Das zentrale Gewächshaus, das zwischen 1839 und 1842 gebaut wurde, wurde zum emblematischen Element des Gartens. Erbaut in Gusseisen und Glas mit hohlen Säulen, die Regenwasser evakuieren, illustriert es die neoklassizistische Architektur der Epoche, mit ionischen Kapitals und Friesen dekoriert. Dieses 1975 als historisches Denkmal gelistete Gewächshaus wurde 1999 restauriert. Der Garten bereicherte dann sieben zusätzliche Gewächshäuser (1883-1884), darunter ein Palmarium und eine Orangerie (1895-1896), während die Erweiterungen zwischen 1891 und 1894 erfolgten.

Das Gelände bewahrt Spuren seiner aristokratischen Vergangenheit, wie der Pavillon aus dem 17. Jahrhundert, gebaut von Louis de Carel und heute für Ausstellungen verwendet. Eine 1996 umgebaute Presse aus dem 18. Jahrhundert würdigt Charles-Victor Langlois, ein Archivar aus Rouennais. Der Garten beherbergt auch bemerkenswerte Pflanzensammlungen, darunter 991 Sorten von Fuchsias (hergestellt durch eine Milbe) und einen Rosengarten, der der Normannenart gewidmet ist.

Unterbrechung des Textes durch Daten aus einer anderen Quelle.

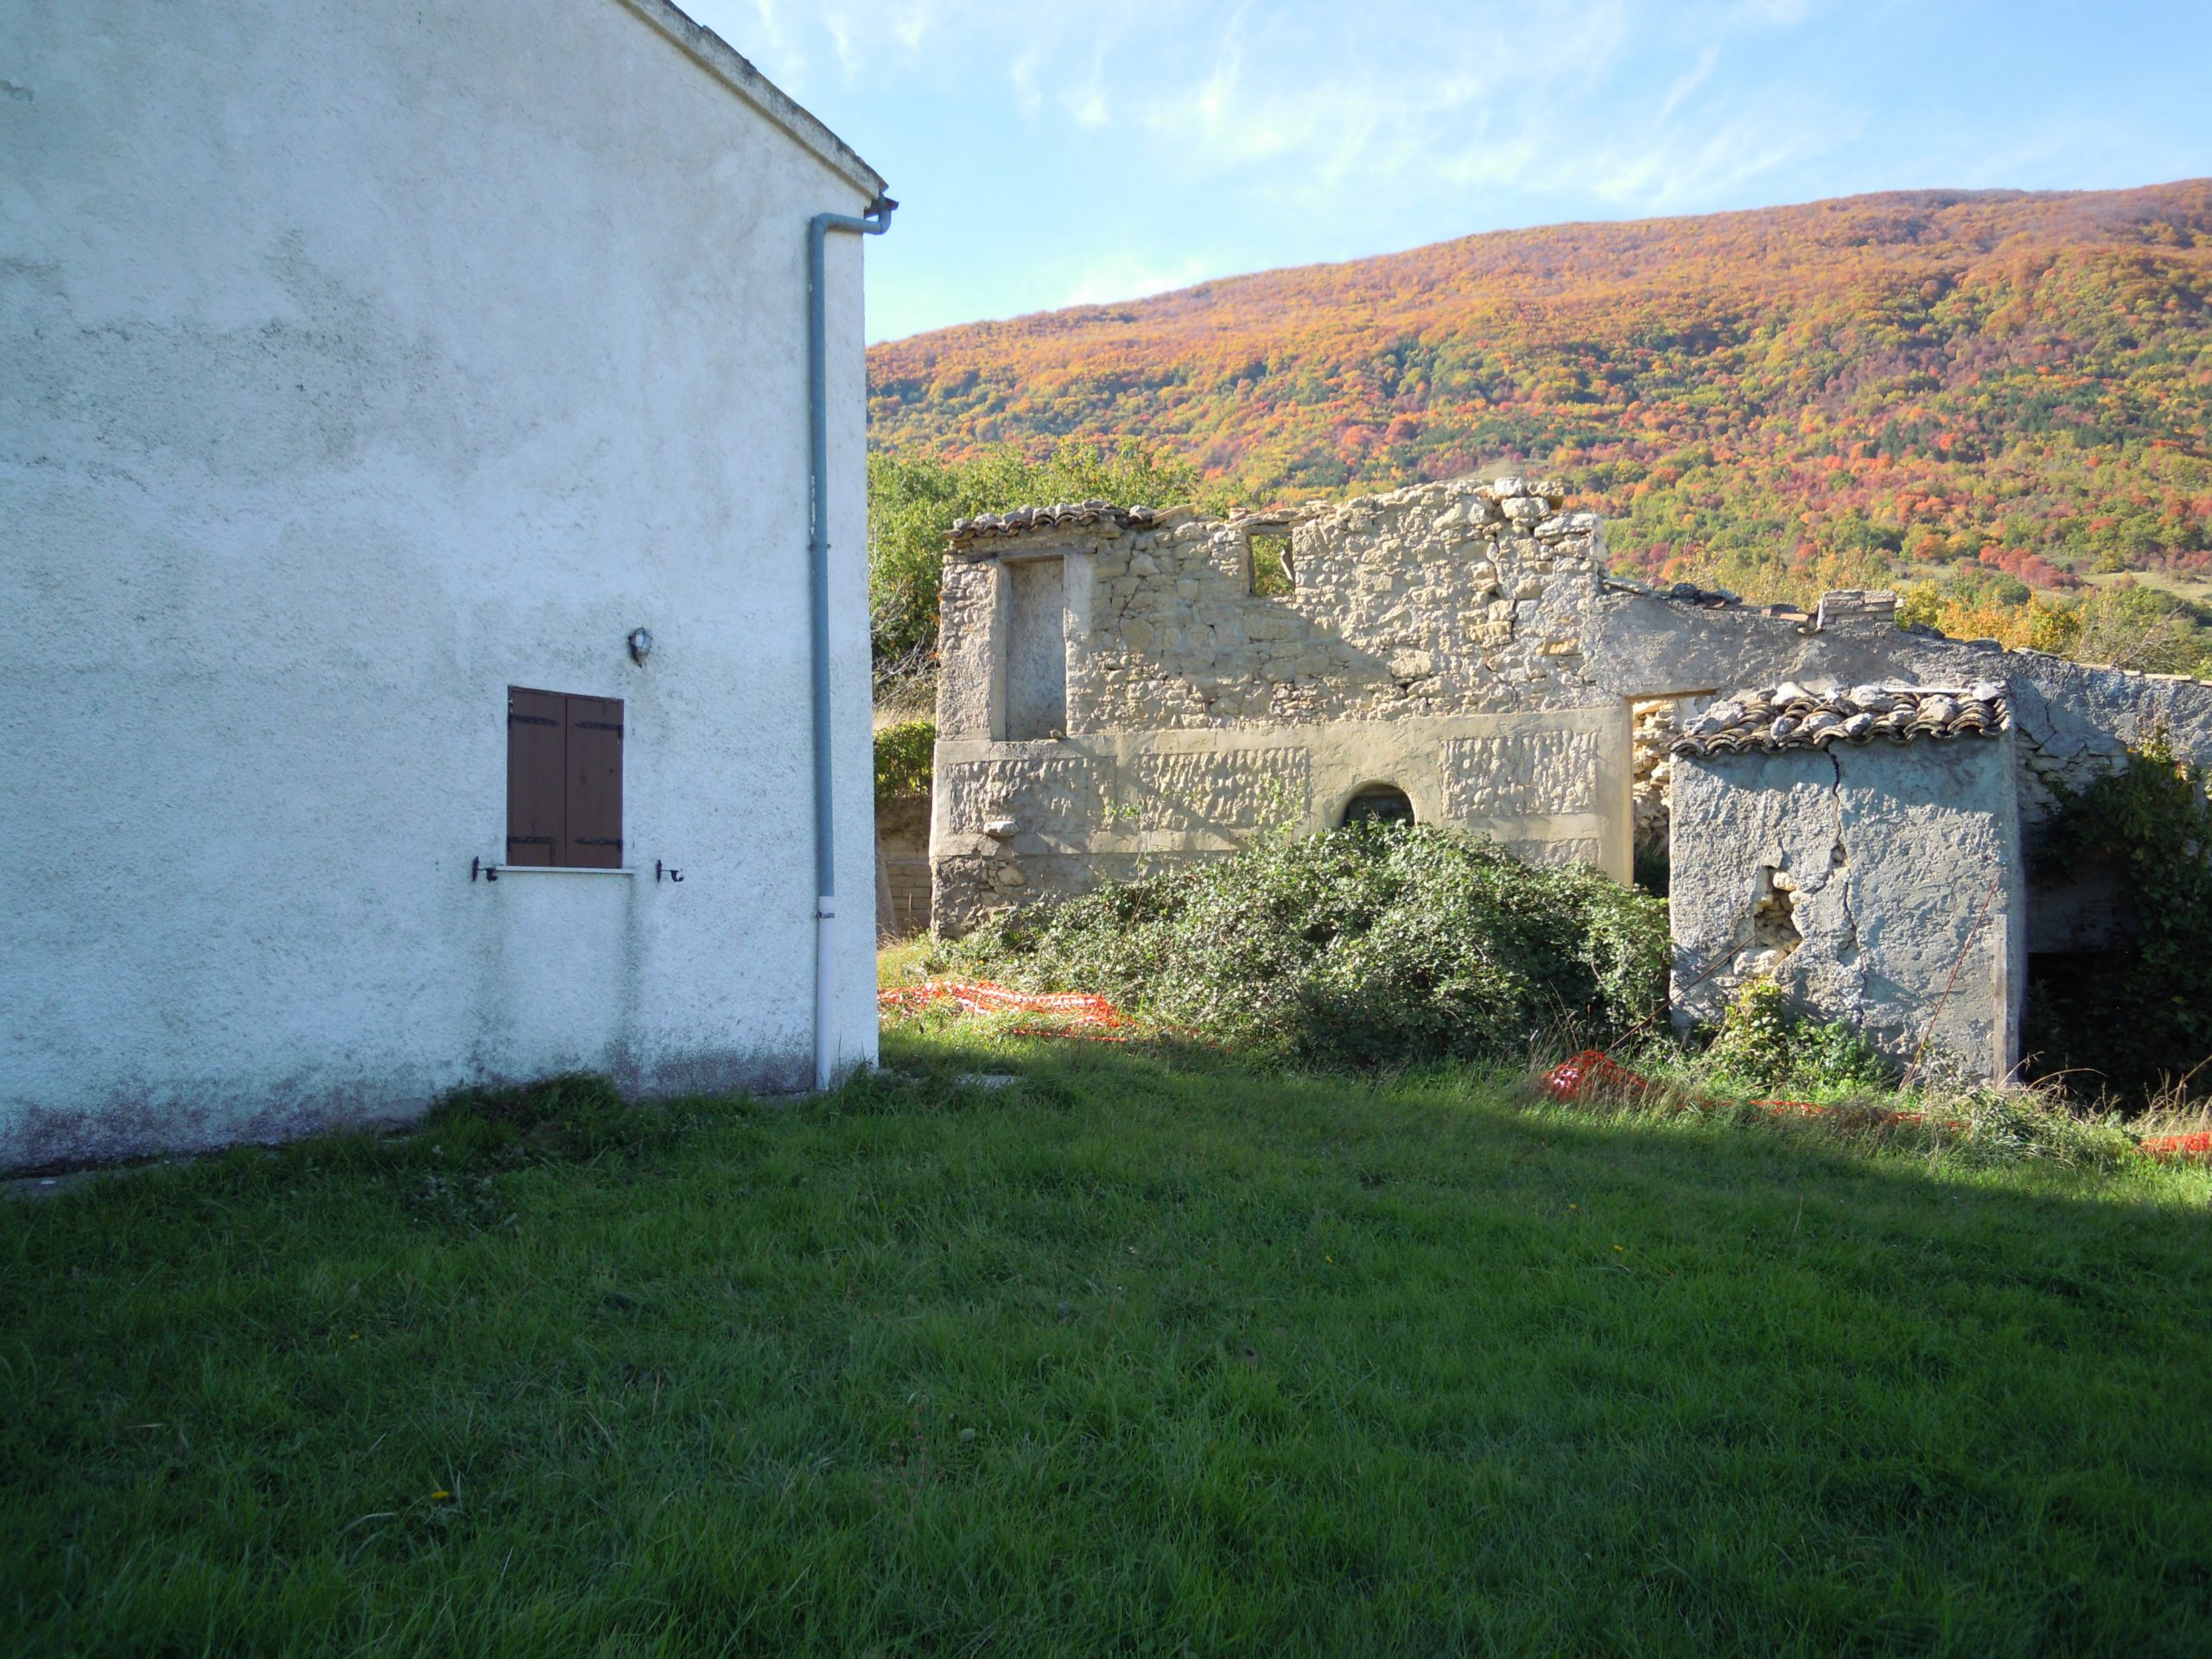 rechts de oude ruine naast het huis

Seine Geschichte ist auch von wissenschaftlichen und festlichen Ereignissen geprägt, wie zum Beispiel den Ballonaufstieg von Jean-Pierre und Sophie Blanchard im frühen 19. Jahrhundert.

Im 20. Jahrhundert entwickelte sich der Garten zu einer Bildungs- und Freizeitberufung. Dort wurde 1931 eine kommunale Gartenbauschule gegründet und 1970 geschlossen. 2004 erhielt er die Genehmigung der Jardins botaniques de France. Heute verbindet sie die Erhaltung des Pflanzenerbes, der Erholungsgebiete (Manège, Musikkiosk, Becken für Marinemodellierung) und kulturelle Aktivitäten, während sie einen botanischen Forschungsplatz mit seinen tropischen Gewächshäusern im Jahr 2020 wieder aufgebaut.

Der Jardin des Plantes verkörpert damit Jahrhunderte der Geschichte, vermischt aristokratisches Erbe, gärtnerische Innovationen und Offenheit für die Öffentlichkeit. Sein Landschaftsbau, die Kombination von geometrischen Perspektiven und spezialisierten botanischen Zonen, macht es zu einem einzigartigen Beispiel eines gemischten Gartens aus dem 19. Jahrhundert, sowohl ein Ort des Wissens und der Freizeit für das Rouennais.